Effective altruism for jews

The importance of effectiveness

EA for Jews

Effectiveness: why does it matter?

History has many examples of people who have had a huge positive impact on the world.
  • Irena Sendler (pictured below) saved 2,500 Jewish children from the Holocaust by providing them with false identity documents and smuggling them out of the Warsaw ghetto.
  • Norman Borlaug’s research into disease-resistant wheat precipitated the ‘Green Revolution’. He has been credited with saving hundreds of millions of lives.
  • Stanislav Petrov potentially prevented all-out nuclear war simply by being calm under pressure and being willing to disobey orders.

These people might seem like unrelatable heroes, who were enormously brave, or skilled, or who just happened to be in the right place at the right time. But many people can also have a tremendous positive impact on the world, if they choose wisely.

Irena Sendler

EA for Jews

You can save lives

Imagine if, one day, you see a burning building with a small child inside. You run into the blaze, pick up the child, and carry them to safety. You would be a hero. Now imagine that this happened to you every two years – you’d save dozens of lives over the course of your life.

This sounds like an odd world. But current evidence suggests it is the world that many people live in. If you earn the typical income in the US, and donate 10% of your earnings each year to the Against Malaria Foundation, you will probably save dozens of lives over your lifetime.

But the world appears to be even stranger, because many people have opportunities that look even better than this. How? First, many people can have a greater impact by working directly on important problems than by donating. Second, other causes might prove even more impactful than global poverty and health, as we’ll discuss below.

Ea for jews

Many attempts to do go fail, but the best are exceptional

In most areas of life, we understand that it’s important to base our decisions on evidence and reason rather than guesswork or gut instinct. When you buy a phone, you will read customer reviews to get the best deal. Certainly, you won’t buy a phone which costs 1,000 times more than an identical model.

Yet we are not always so discerning when we work on global problems.

Below is a chart using data from Disease Control Priorities in Developing Countries (second edition), showing the number of years of healthy life (measured using DALYs) you can save by donating $1,000 to a particular intervention to reduce the spread of HIV and AIDS. The chart shows figures for five different strategies.

The first intervention, surgical treatment, can’t even be seen on this scale, because it has such a small impact relative to other interventions. And the best strategy, educating high-risk groups, is estimated to be 1,400 times better than that. While it may not be wise to take these estimates completely literally, they are just one example of surprisingly large differences between the effectiveness of different interventions.

We suspect that the difference in intervention effectiveness is similarly large in other cause areas, though we don’t have as clear data as we do in global health. Why do we think this? Partly because most projects in many domains for which we have data don’t appear to have a significant positive impact.

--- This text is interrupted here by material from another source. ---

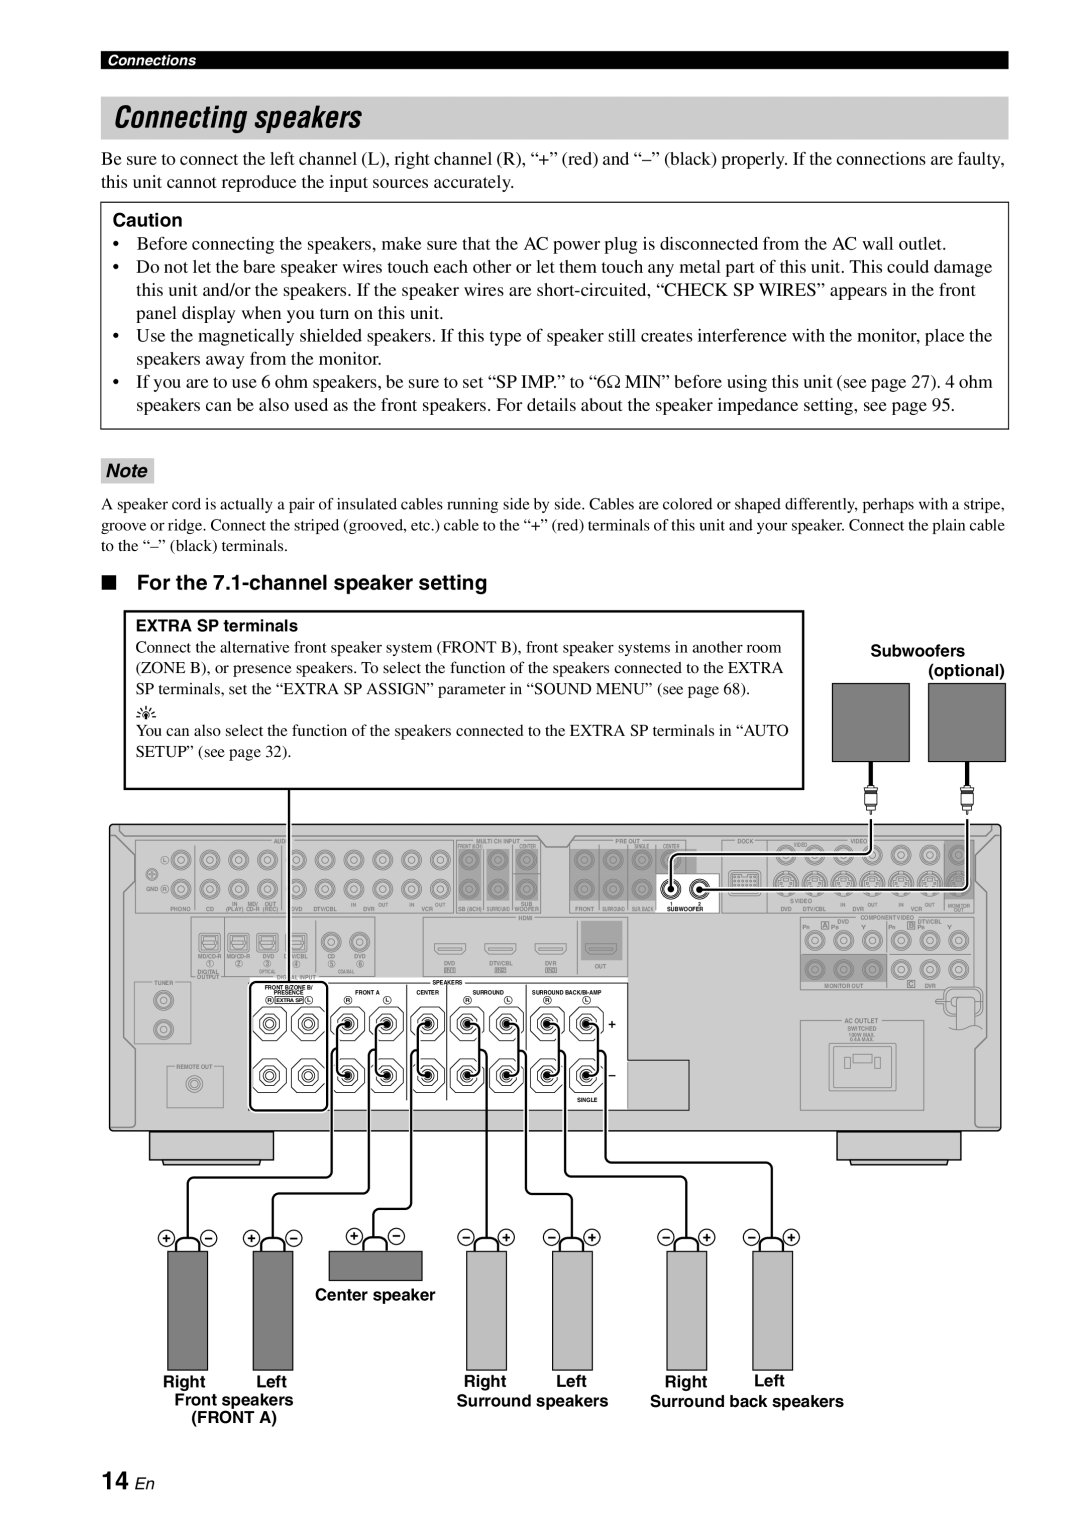 Yamaha DSP-AX863SE owner manual Connecting speakers, 14 En, For the 7.1-channelspeaker setting

And, more optimistically, because there appear to be some interventions which have an enormous impact. But without knowing which experts to trust, or which techniques to trust in your own research, it can be very hard to tell these apart. Which interventions have the highest impact remains an important open question. Comparing different ways of doing good is difficult, both emotionally and practically. But these comparisons are vital to ensure we help others as much as we can. This content is adapted from this article. To learn more read these sequences of articles in the EA handbook, and/or contact us if you’d like to discuss!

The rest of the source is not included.